Pakistan’s Supreme Court on Monday accepted an appeal by the family of slain American journalist Daniel Pearl seeking to keep a British-born Pakistani man on death row over the beheading of the Wall Street Journal reporter.
The court delayed until next week hearing the appeal over the lower-court acquittal of Ahmed Omar Saeed Sheikh, who had been on death row since his conviction in 2002 over Pearl’s killing.
Sheikh had been convicted of helping lure Pearl to a meeting in the southern Pakistani port city of Karachi in which he was kidnapped. Pearl had been investigating the link between Pakistani militants and Richard C. Reid, dubbed the “Shoe Bomber” after trying to blow up a flight from Paris to Miami with explosives hidden in his shoes.
The lower court’s April ruling acquitted Sheikh and three other accomplices, who had been sentenced to life in jail for their role in the plot. The lower court found Sheikh guilty on a single lesser charge of abduction, which he is also appealing.
The acquittal stunned the U.S. government, Pearl’s family and journalism advocacy groups.

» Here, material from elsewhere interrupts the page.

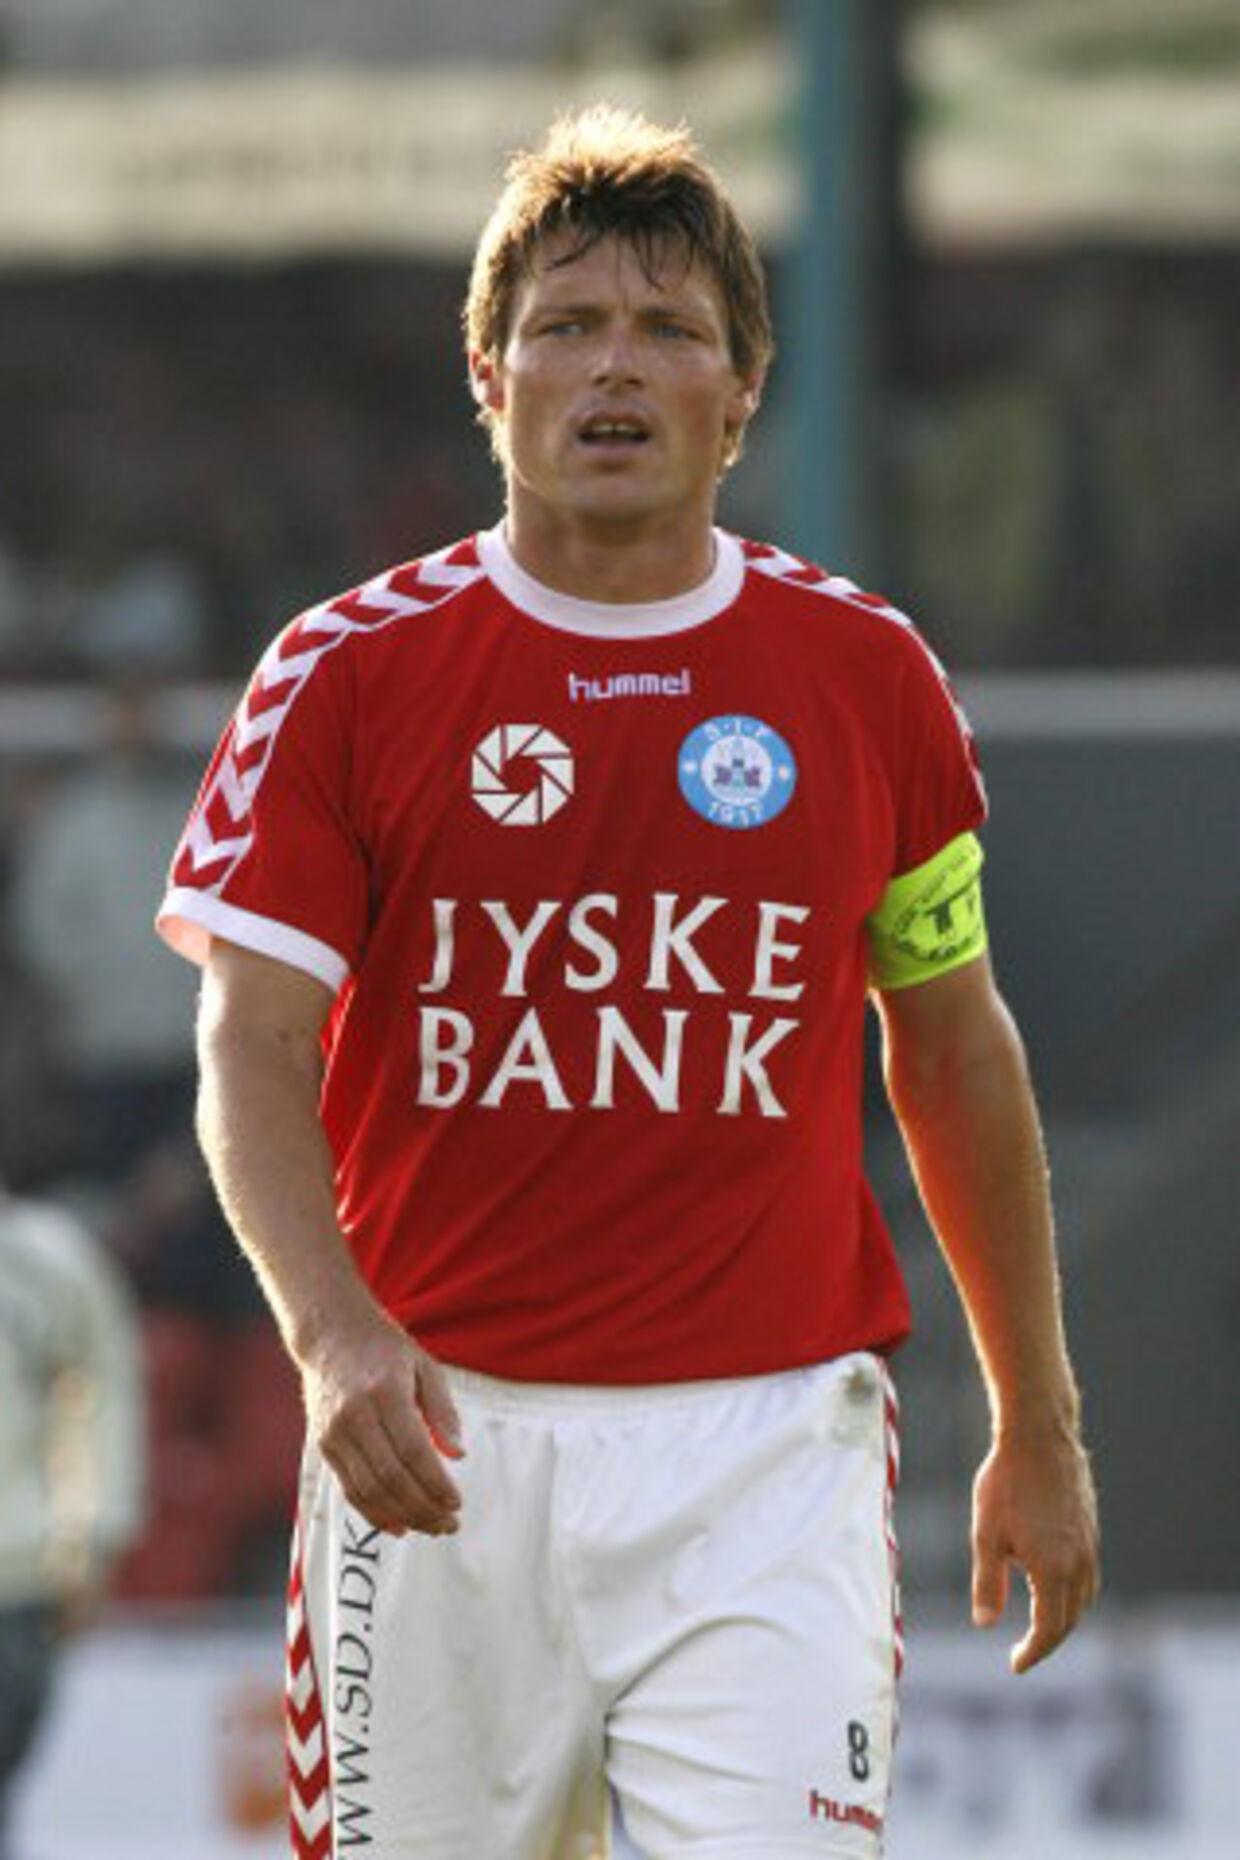 Dermed slutter en lang fodboldkarriere, der siden debuten i marts 1991 og de første seks år i Silkeborg førte Michael Hansen til OB, hollandske NAC Breda, Esbjerg, FC Midtjylland og så hjem til SIF for godt et år siden. Foto: Ernst van Norde

“We felt like (it was) a thunderstorm that is about to reopen our pains of 2002,” Pearl’s father Judea Pearl told The Associated Press in an e-mail Monday. “Pakistan’s judicial system caved to either inside or outside pressure to send a message of impunity to extremist elements worldwide.”
The Pearl family’s lawyer, Faisal Siddiqi, said after Monday’s court hearing that there was “ample evidence” to overturn Sheikh’s appeal and return him to death row.
“There is eyewitness evidence, there is forensic evidence, there are confessional statements,” Siddiqi said.
Among the confessional statements is a handwritten, July 19, 2019 letter by Sheikh that acknowledged his involvement in Pearl’s killing, Siddiqi said. In the letter, Sheikh said his involvement in Pearl’s death was “a relatively minor one.” However, Siddiqi said Sheikh implicates himself in Pearl’s killing with that admission.
Sheikh’s lawyer, Mahmood Shaikh, told the AP he suffered a heart attack while arguing the case in the lower court, but remained confident the acquittal would stand.
“I have no doubt in my mind,” Shaikh said. He said his doctors ordered him to remain on bed rest for the next two weeks, throwing into question whether the Supreme Court hearing will happen next week.
The Sindh provincial government also is appealing Shiekh’s acquittal.
Pearl, 38, of Encino, California, was abducted Jan. 23, 2002. In Sheikh’s original trial, emails between Sheikh and Pearl presented in court showed Sheikh gained Pearl’s confidence sharing their experiences as both waited for the birth of their first child. Pearl’s wife Marianne Pearl gave birth to a son, Adam, in May 2002.
Evidence entered into court accused Sheikh of luring Pearl to his death, giving the American journalist a false sense of security as he promised to introduce him to a cleric with militant links.
Pakistani police sought to locate Pearl for weeks until a video received by U.S. diplomats showed his beheading.
The 2019 letter by Sheikh was not among the evidence heard by the lower court that in April acquitted Sheikh on a number of charges, including the most serious of the kidnapping for ransom that lead to Pearl’s slaying.
“The 2019 letter is only one (piece of) evidence to something that we knew all along, without any doubt, that Sheikh lured Danny into the abduction trap which led to his murder,” Pearl’s father Judea said. “We had copies of a long e-mail exchange he had with Danny, using a pseudonym `Bashir,' was which was downloaded from Danny’s computer.”
An investigation by students of Georgetown University in Washington implicated Khalid Sheikh Mohammed, the alleged mastermind of the 9/11 terrorist attacks in the United States, in Pearl’s death. Mohammed has been in U.S. custody on Guantanamo Bay since his arrest in Pakistan in March 2003.
Pearl’s father said he has received assurances from the U.S. State Department that it was closely following Sheikh’s acquittal and subsequent appeals. The trial’s outcome could impact relations between the two countries and again paint Pakistan as a haven for militants and extremists, he said.
The U.S. Embassy in Islamabad did not immediately respond to a request for comment.